## TO DO
Your answer should be the full data, transcribed exactly, with no pictures in it.

## AVAILABLE DATA

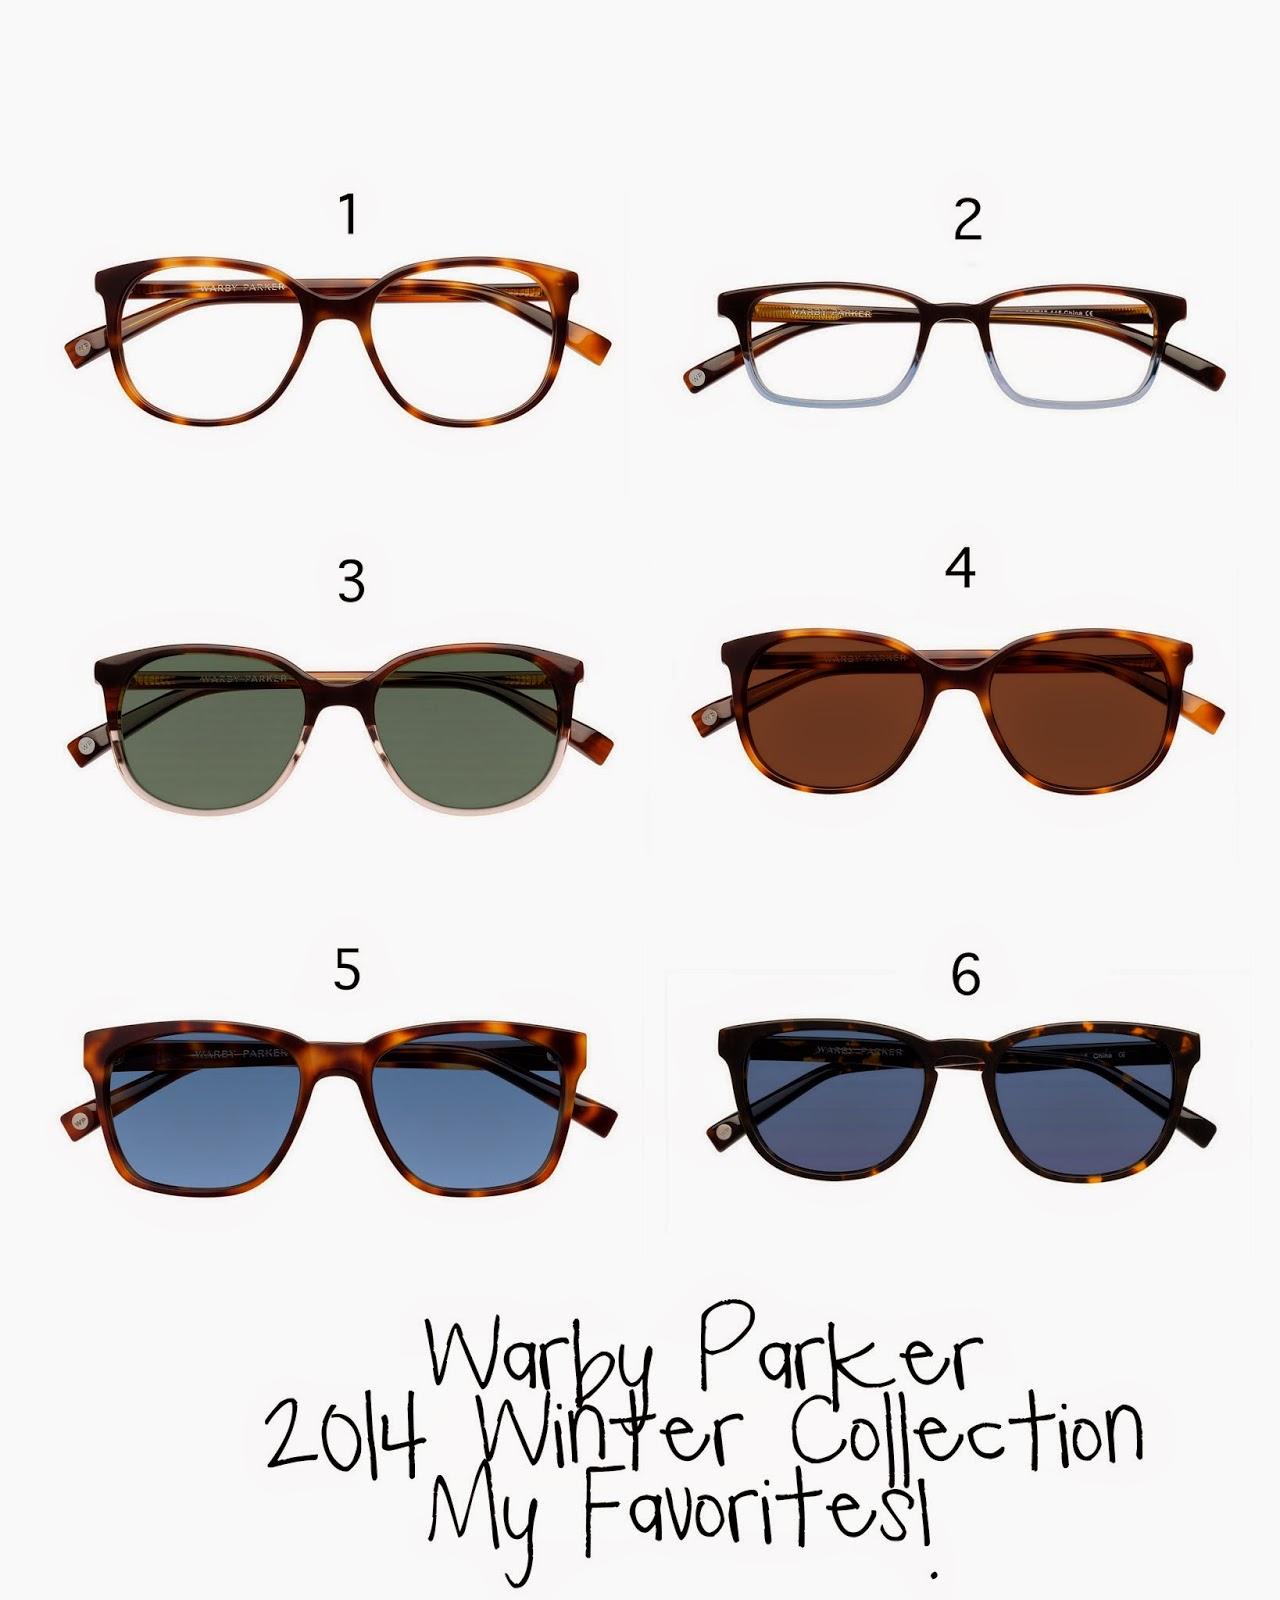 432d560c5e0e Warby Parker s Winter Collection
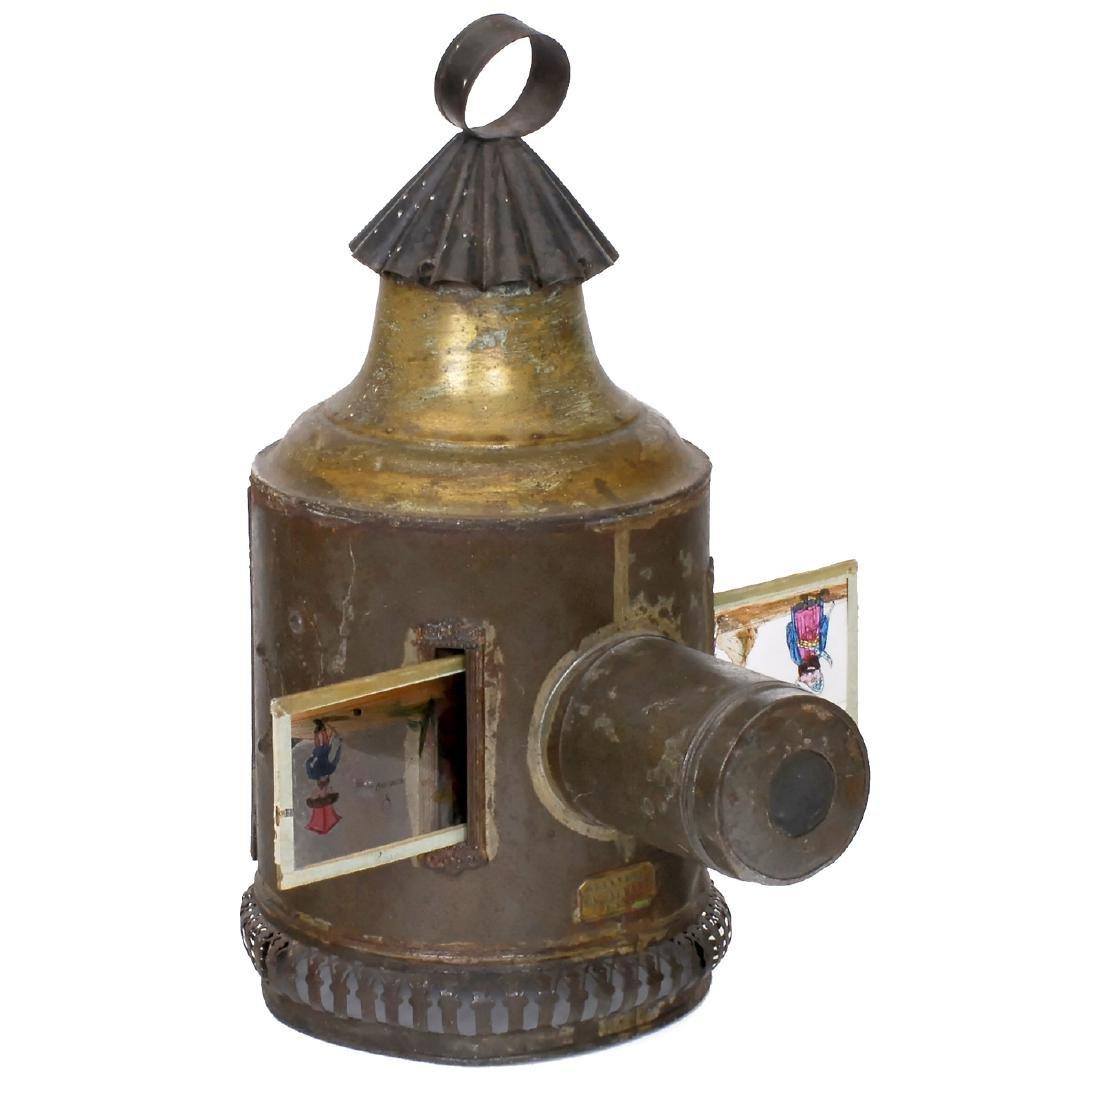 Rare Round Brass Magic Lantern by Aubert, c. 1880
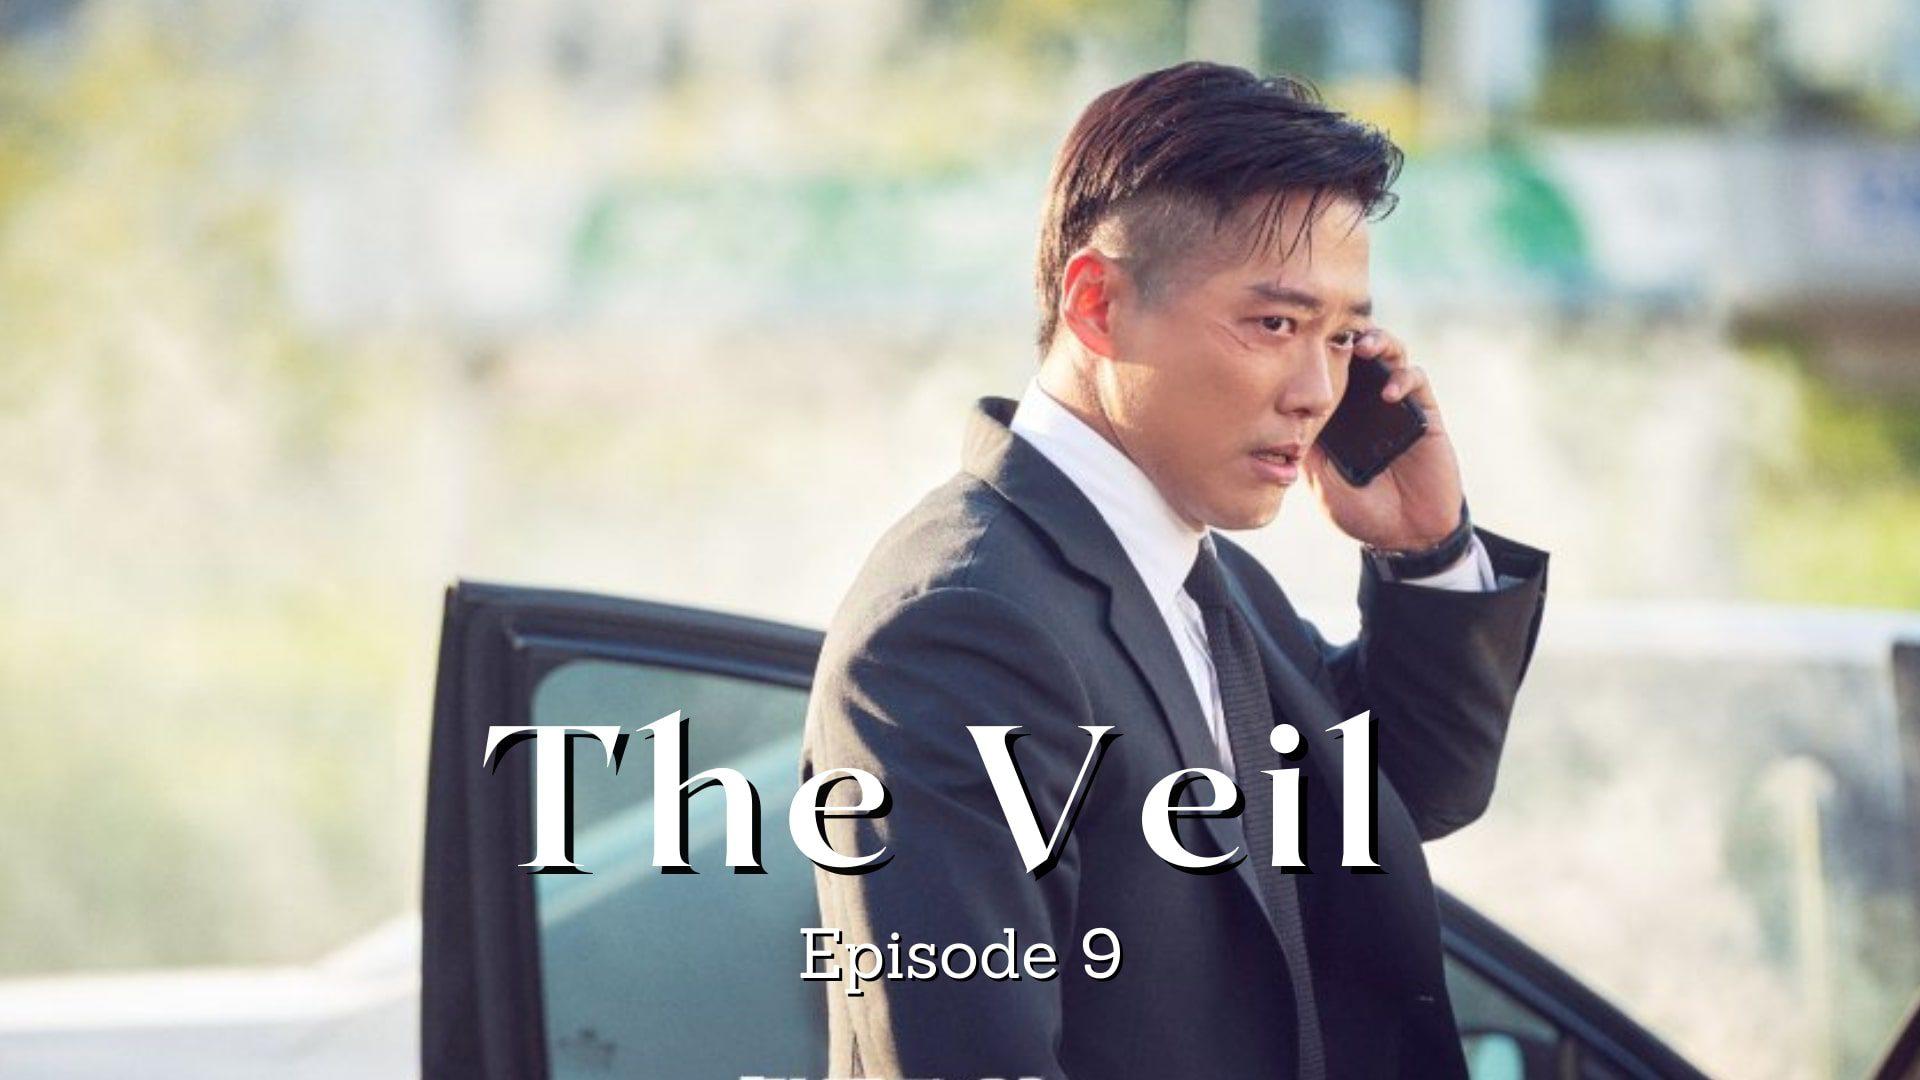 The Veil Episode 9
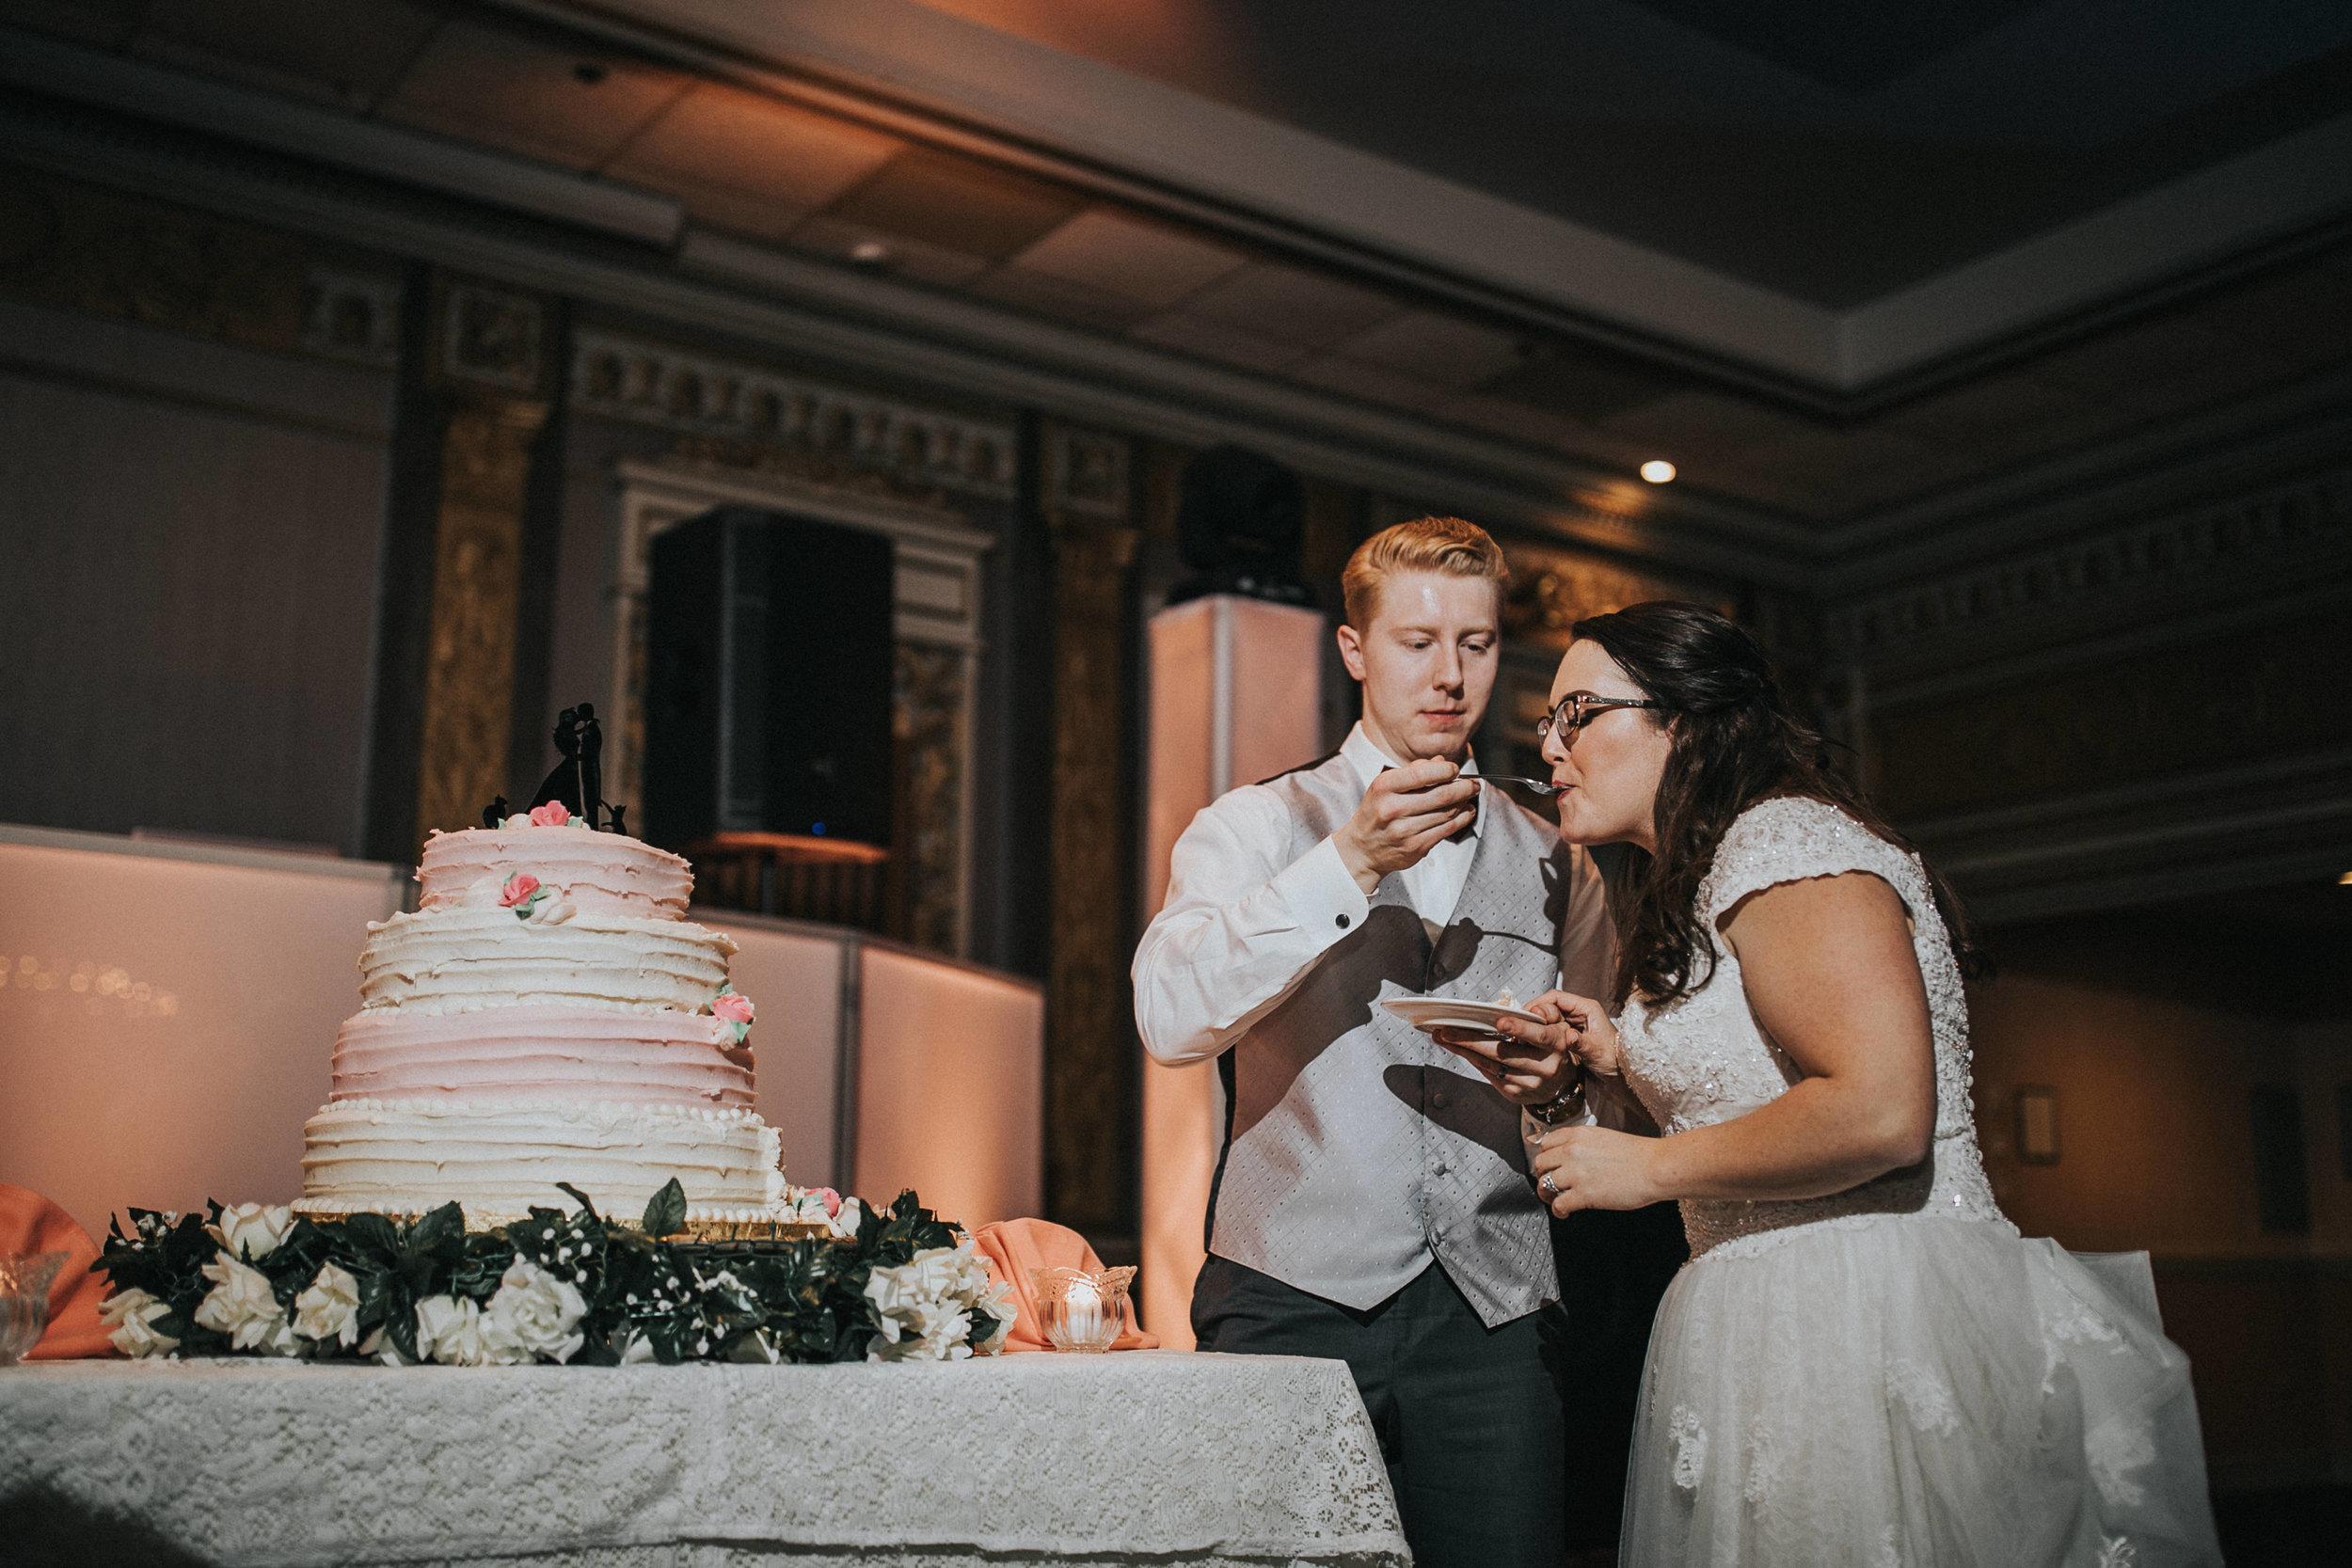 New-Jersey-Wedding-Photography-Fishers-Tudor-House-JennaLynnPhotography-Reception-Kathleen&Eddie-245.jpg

## EXERCISE ANSWER
 432d560c5e0e Warby Parker s Winter Collection
 Rare Round Brass Magic Lantern by Aubert, c. 1880
 The Veil Episode 9
 New-Jersey-Wedding-Photography-Fishers-Tudor-House-JennaLynnPhotography-Reception-Kathleen&Eddie-245.jpg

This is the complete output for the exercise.